Cloud providers have recently decentralized their wide-area network traffic engineering (TE) systems to contain the impact of TE controller failures. In the decentralized design, a controller fault only impacts its slice of the network, limiting the blast radius to a fraction of the network. However, we find that autonomous slice controllers can arrive at divergent traffic allocations that overload links by 30% beyond their capacity. We present Symphony, a decentralized TE system that addresses the challenge of divergence-induced congestion while preserving the fault-isolation benefits of decentralization. By augmenting TE objectives with quadratic regularization, Symphony makes traffic allocations robust to demand perturbations, ensuring TE controllers naturally converge to compatible allocations without coordination. In parallel, Symphony's randomized slicing algorithm partitions the network to minimize blast radius by distributing critical traffic sources across slices, preventing any single failure from becoming catastrophic. These innovations work in tandem: regularization ensures algorithmic stability to traffic allocations while intelligent slicing provides architectural resilience in the network. Through extensive evaluation on cloud provider WANs, we show Symphony reduces divergence-induced congestion by 14x and blast radius by 79% compared to current practice.

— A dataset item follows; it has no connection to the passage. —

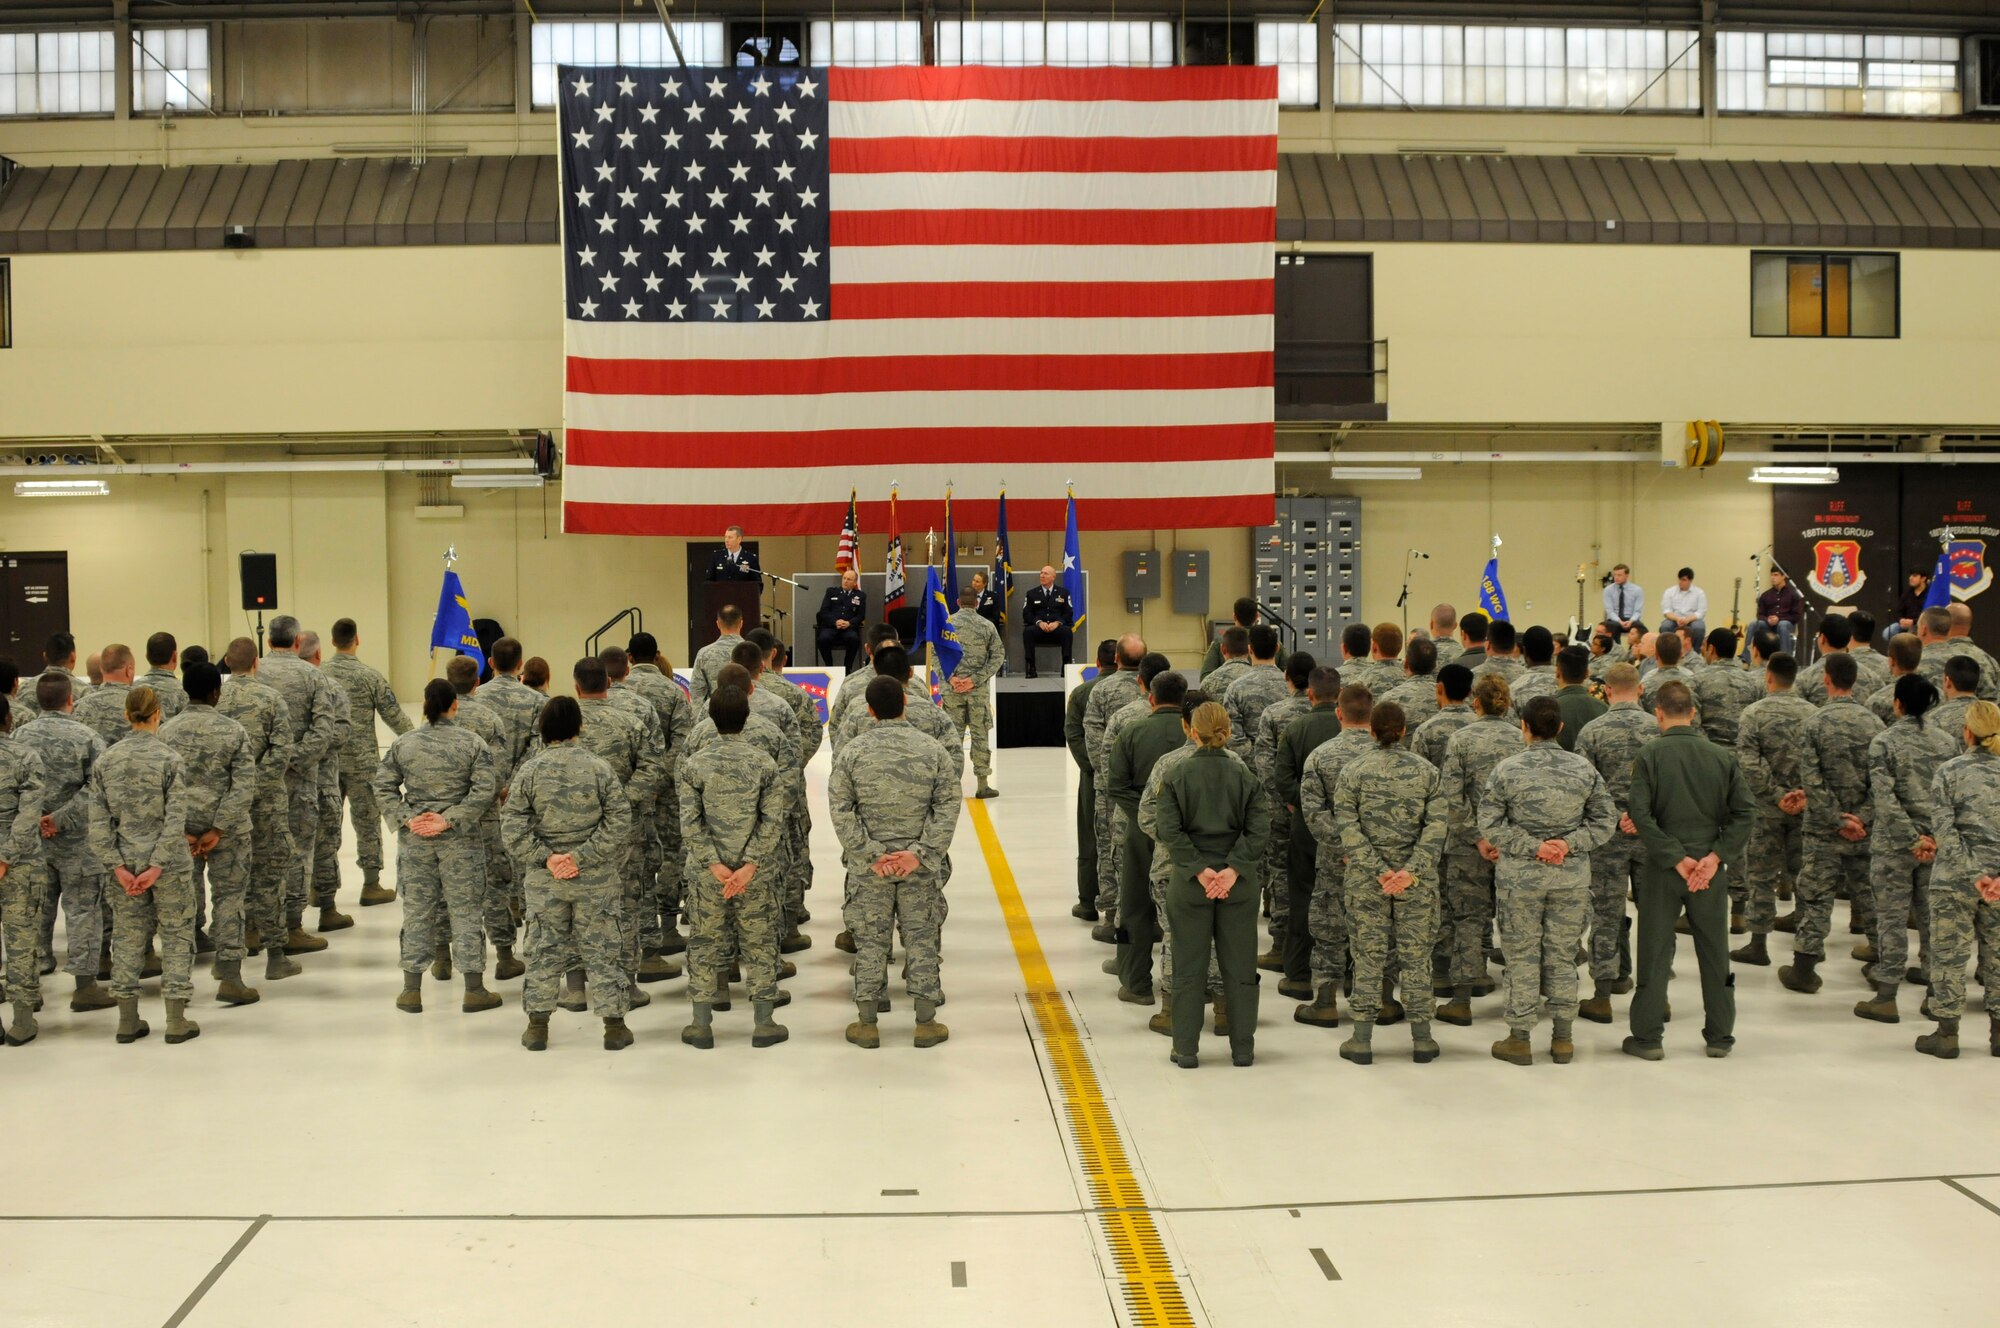 Members of the 188th Wing stand in formation during the 188th Wing change of command ceremony Jan. 11, 2015, held at Ebbing Air National Guard Base, Fort Smith, Ark.  During the ceremony Col. Bobbi Doorenbos became the first female to command the 188th Wing. Doorenbos assumed command after serving as the 214th Reconnaissance Group commander for the Arizona ANG at Davis-Monthan Air Force Base. (U.S. Air National Guard photo by Staff Sgt. Hannah Dickerson/released)
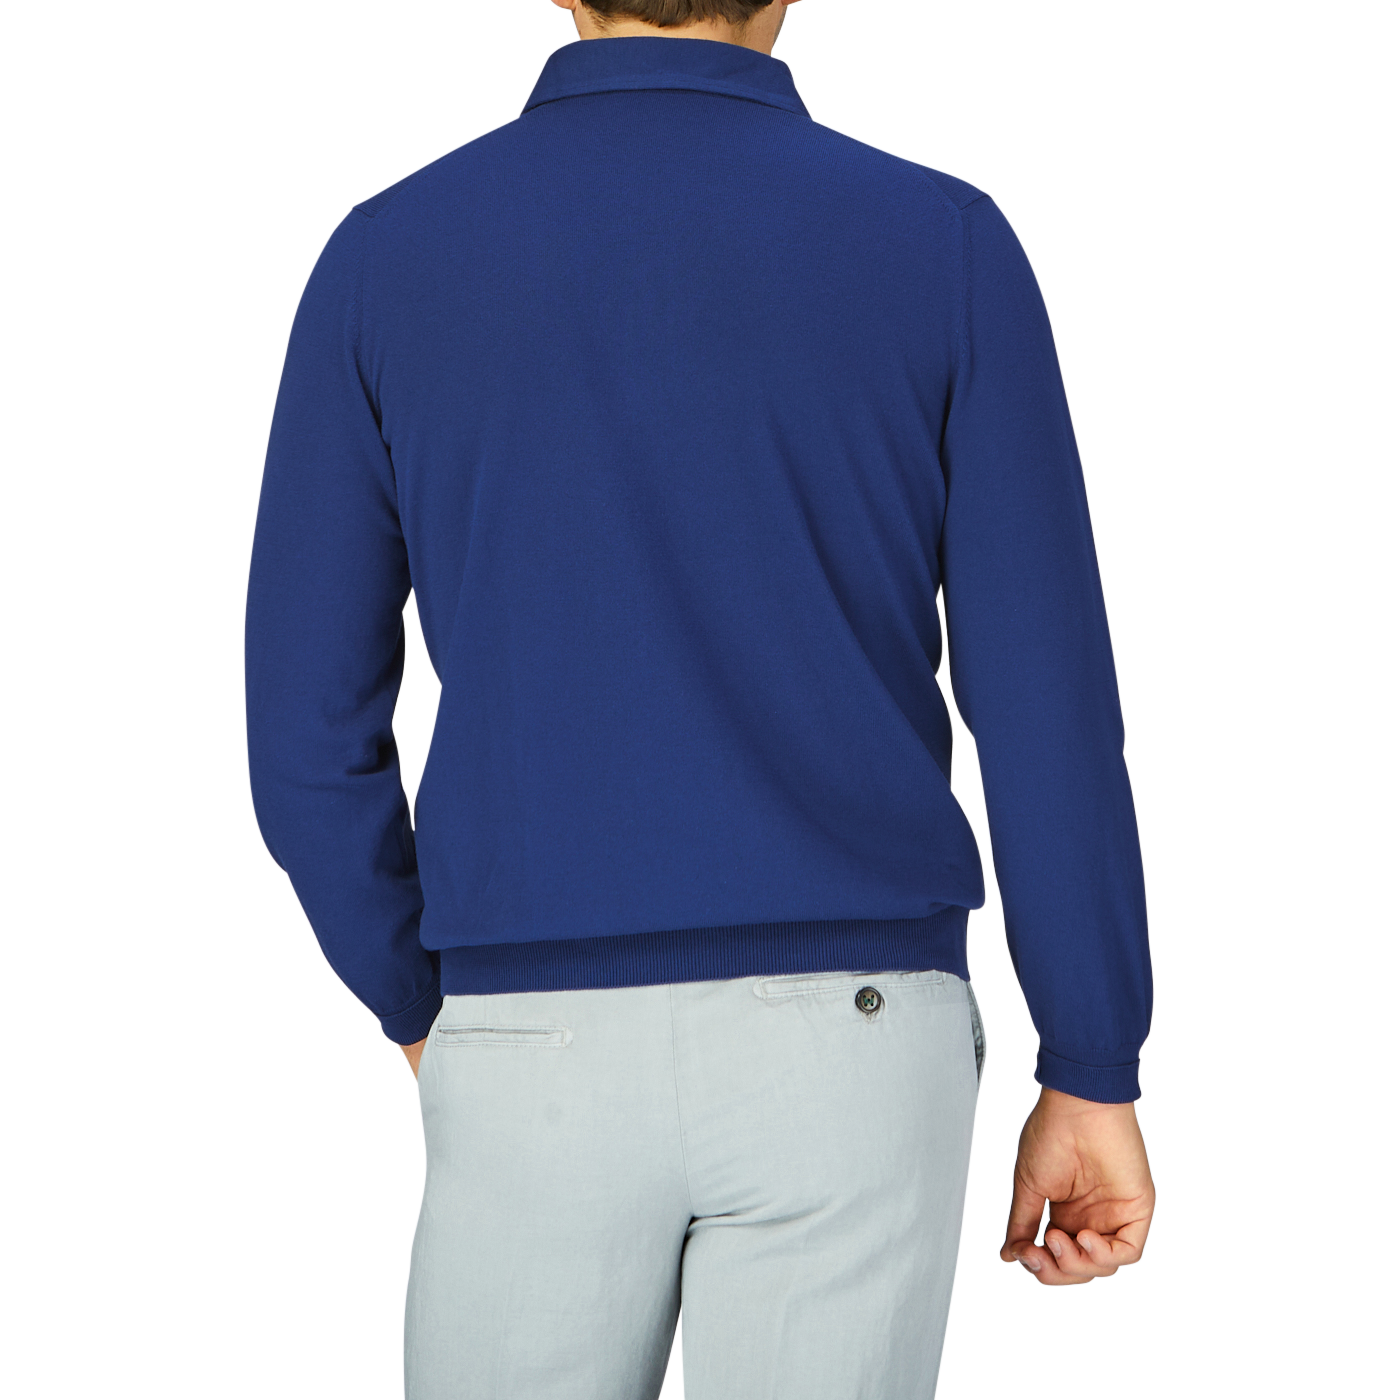 Rear view of a person wearing a Gran Sasso Indigo Blue Organic Cotton LS Polo Shirt and light gray pants.

翻译：云服务提供商最近将其广域网流量工程系统去中心化，以限制流量工程控制器故障的影响。在去中心化设计中，控制器故障仅影响其网络切片，将爆炸半径限制在网络的一部分。然而，我们发现自主的切片控制器可能产生分歧性的流量分配，导致链路负载超出其容量30%。我们提出了Symphony，一个去中心化流量工程系统，它在保持去中心化故障隔离优势的同时，解决了分歧性拥塞的挑战。通过为流量工程目标函数添加二次正则化项，Symphony使流量分配对需求扰动具有鲁棒性，确保各流量工程控制器无需协调即可自然收敛到兼容的分配方案。同时，Symphony的随机切片算法通过对网络进行分区，将关键流量源分散到不同切片，以最小化爆炸半径，防止任何单一故障演变为灾难性事件。这些创新协同工作：正则化确保了流量分配的算法稳定性，而智能切片则提供了网络架构层面的弹性。通过在云提供商广域网上进行广泛评估，我们证明与当前实践相比，Symphony将分歧性拥塞减少了14倍，并将爆炸半径降低了79%。